__TASK STATEMENT__: The answer must consist solely of the lines below starting at the one containing "Møller, Rask Mølle" and ending at the one containing "UNESCO-Weltkulturerbe Kölner Dom.", repeated exactly, with both ends included and all pictures omitted.

━━━━━ EXTRACTED INFORMATION

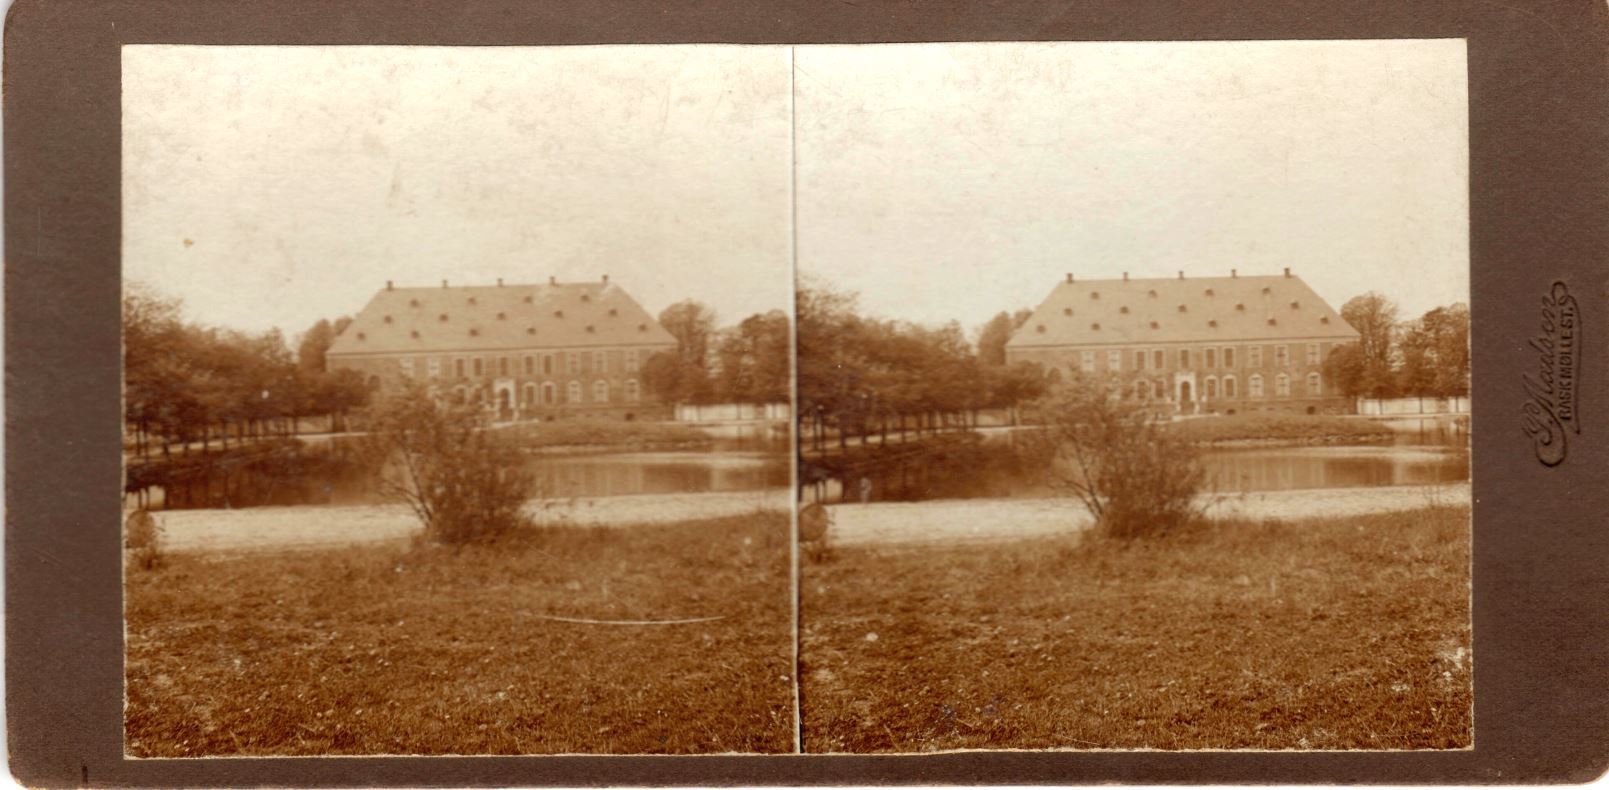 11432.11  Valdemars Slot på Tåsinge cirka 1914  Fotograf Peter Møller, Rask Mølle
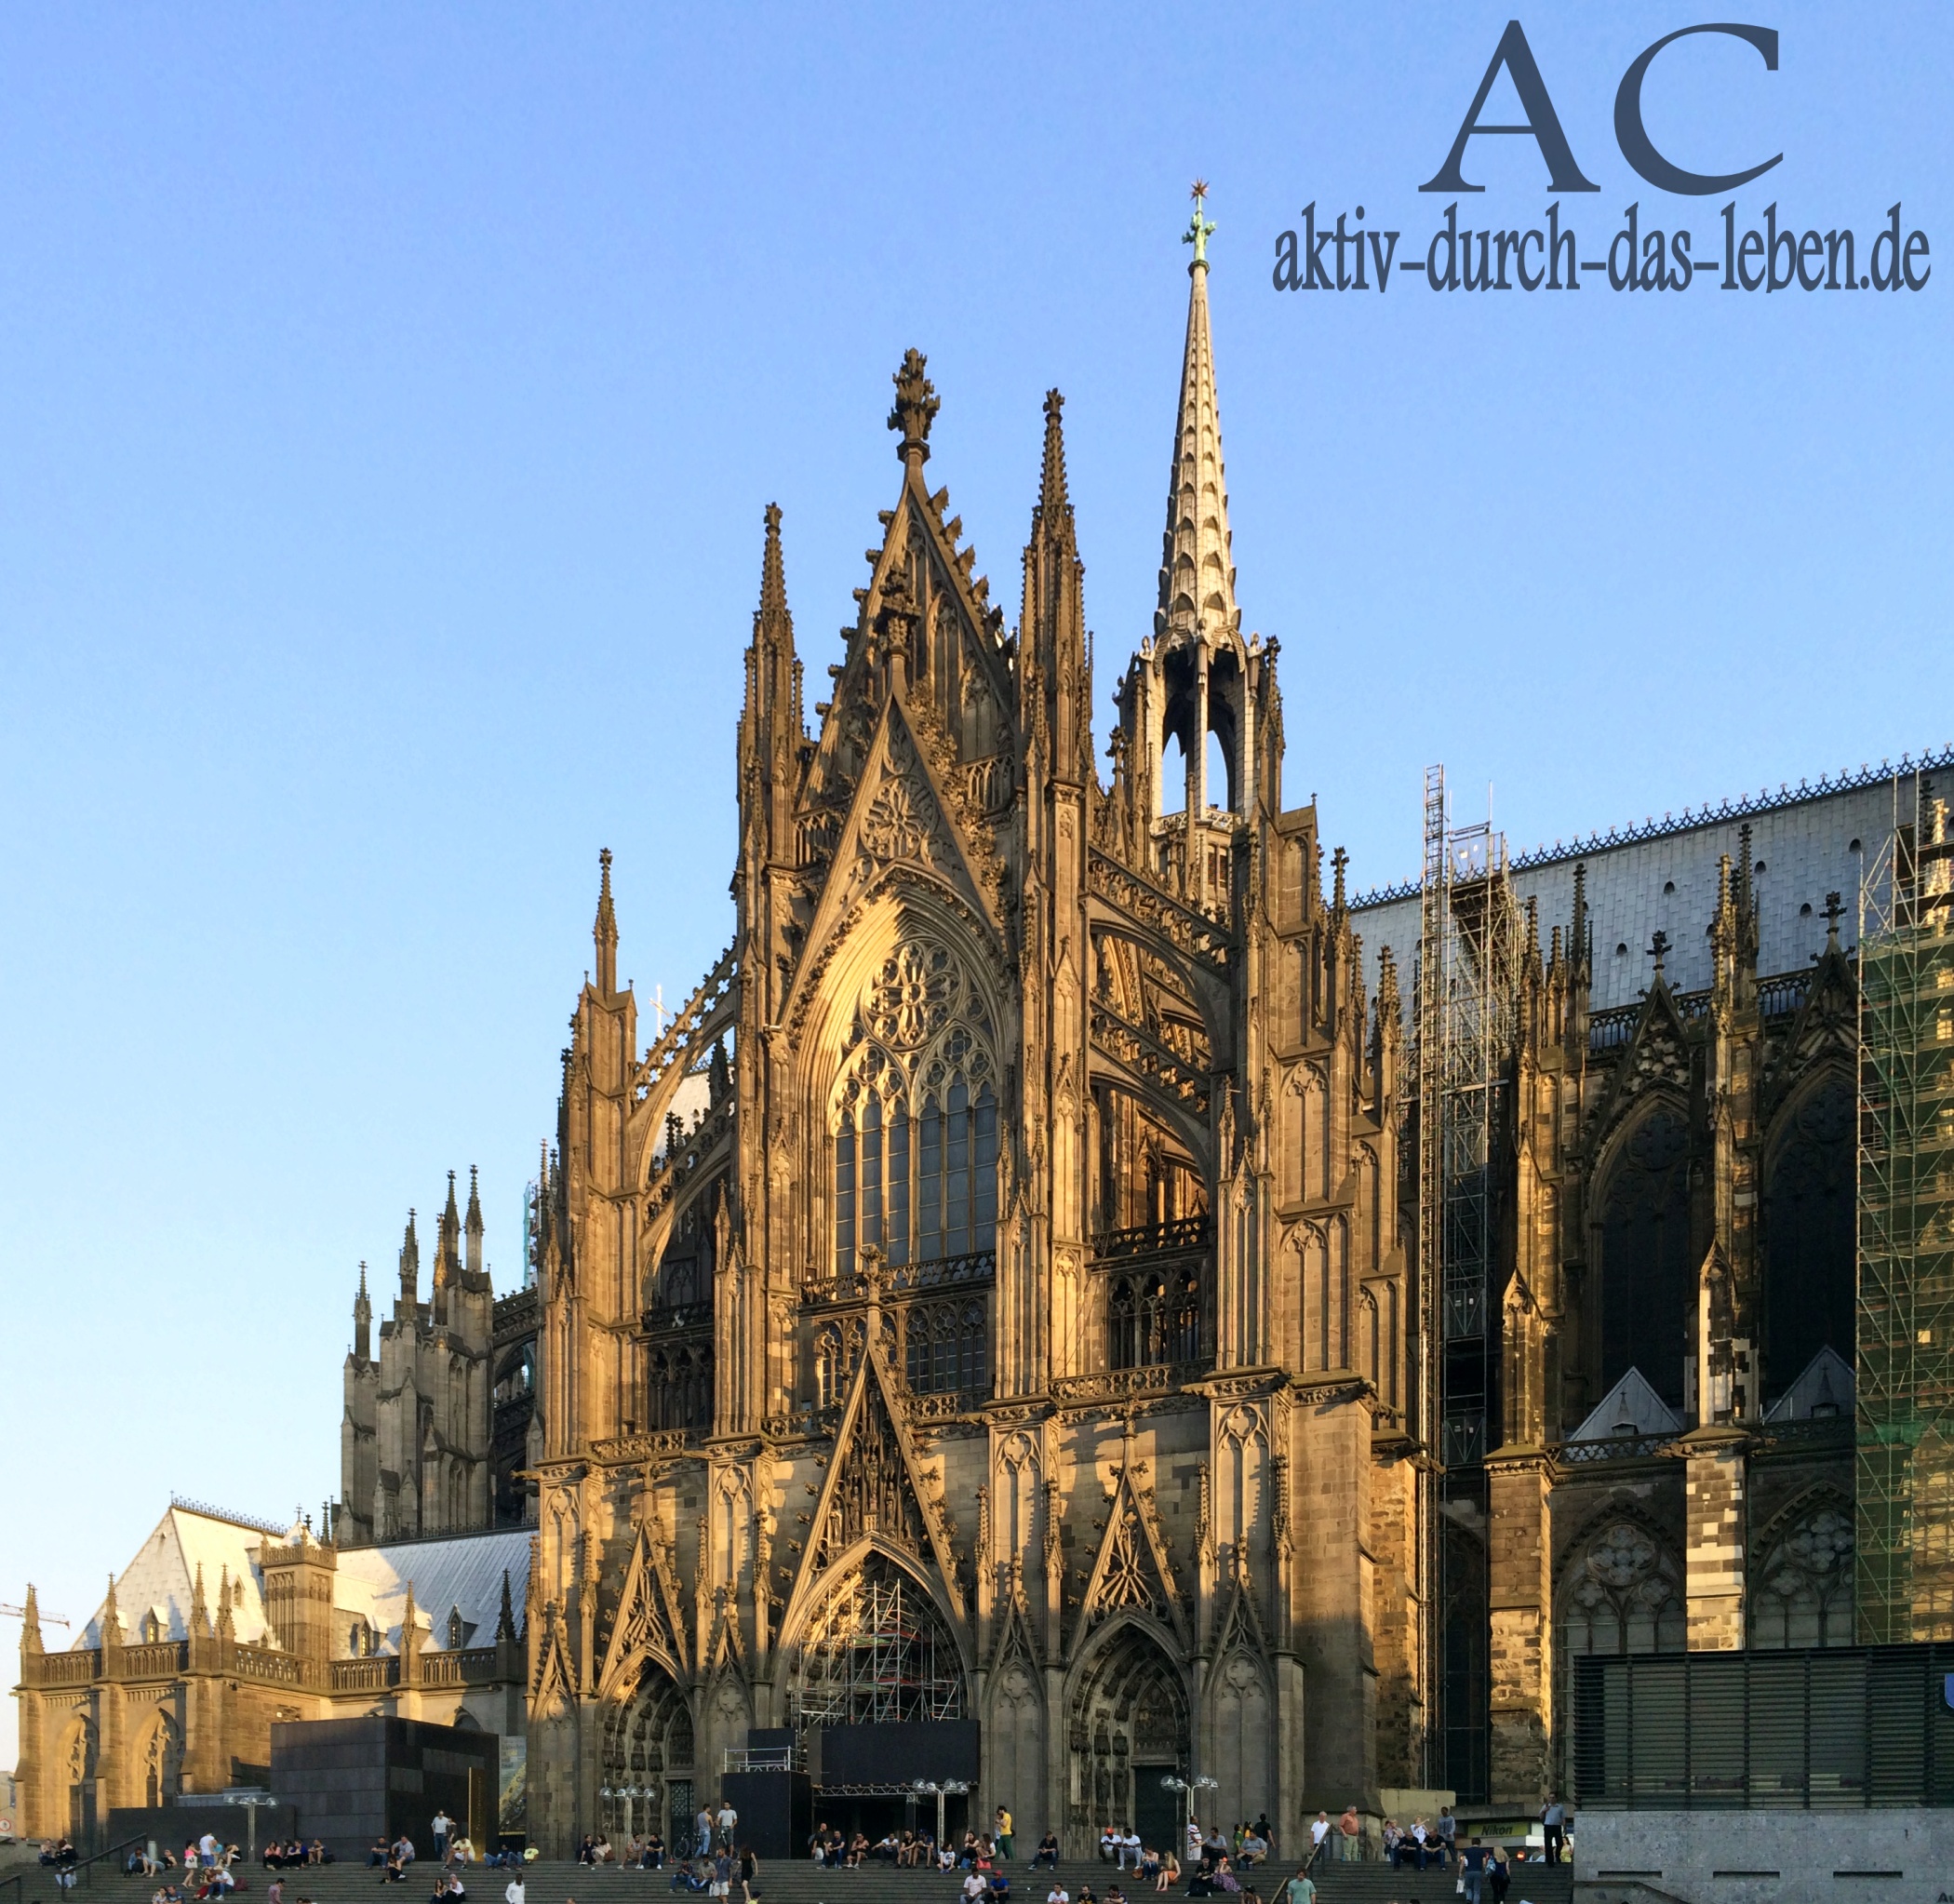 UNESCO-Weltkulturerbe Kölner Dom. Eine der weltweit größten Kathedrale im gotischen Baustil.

━━━━━━━━━━
━━━━━ EXTRACTED INFORMATION

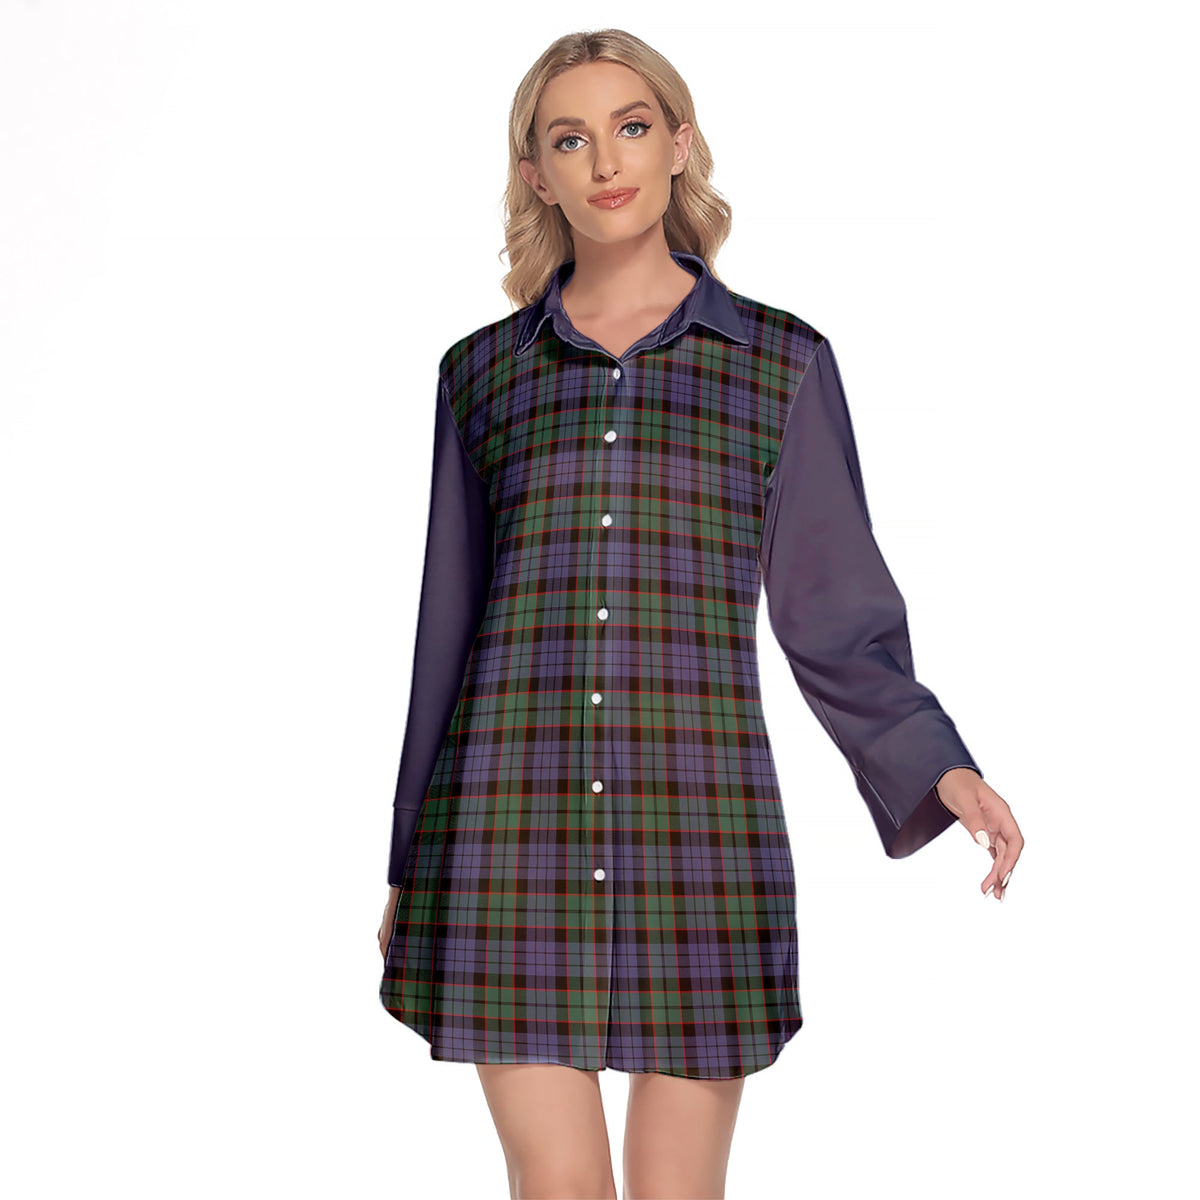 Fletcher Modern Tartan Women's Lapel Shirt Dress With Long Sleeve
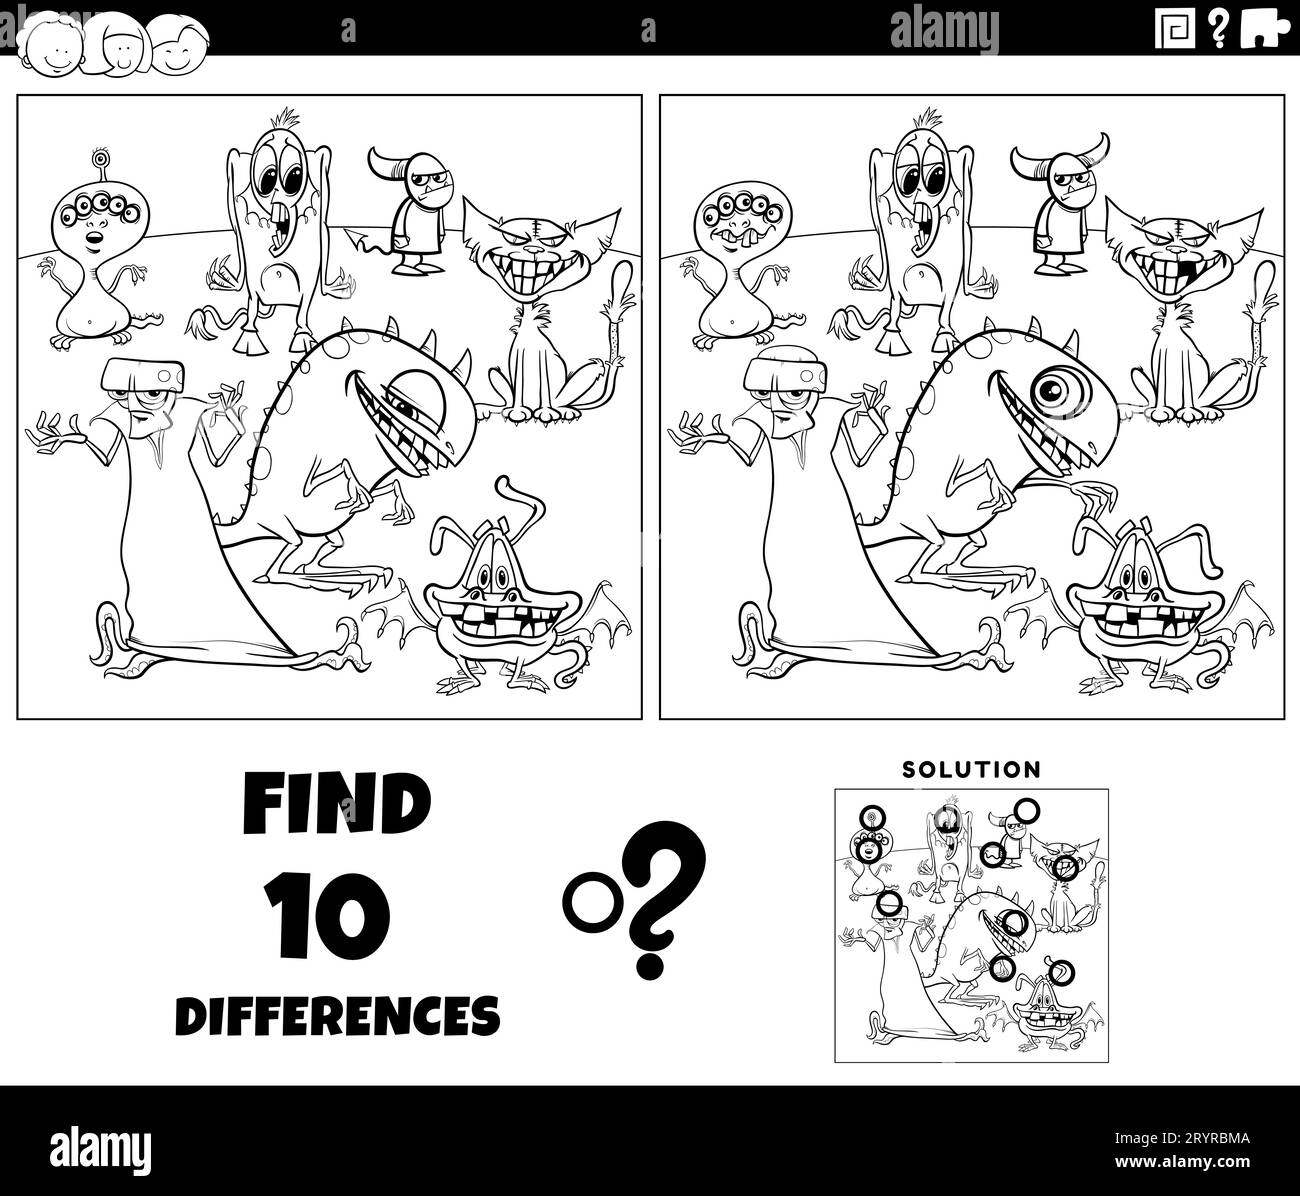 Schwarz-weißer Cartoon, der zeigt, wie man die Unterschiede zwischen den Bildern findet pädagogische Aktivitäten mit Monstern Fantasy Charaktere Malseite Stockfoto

━━━━━━━━━━

__EXERCISE ANSWER__:
 11432.11  Valdemars Slot på Tåsinge cirka 1914  Fotograf Peter Møller, Rask Mølle
 UNESCO-Weltkulturerbe Kölner Dom. Eine der weltweit größten Kathedrale im gotischen Baustil.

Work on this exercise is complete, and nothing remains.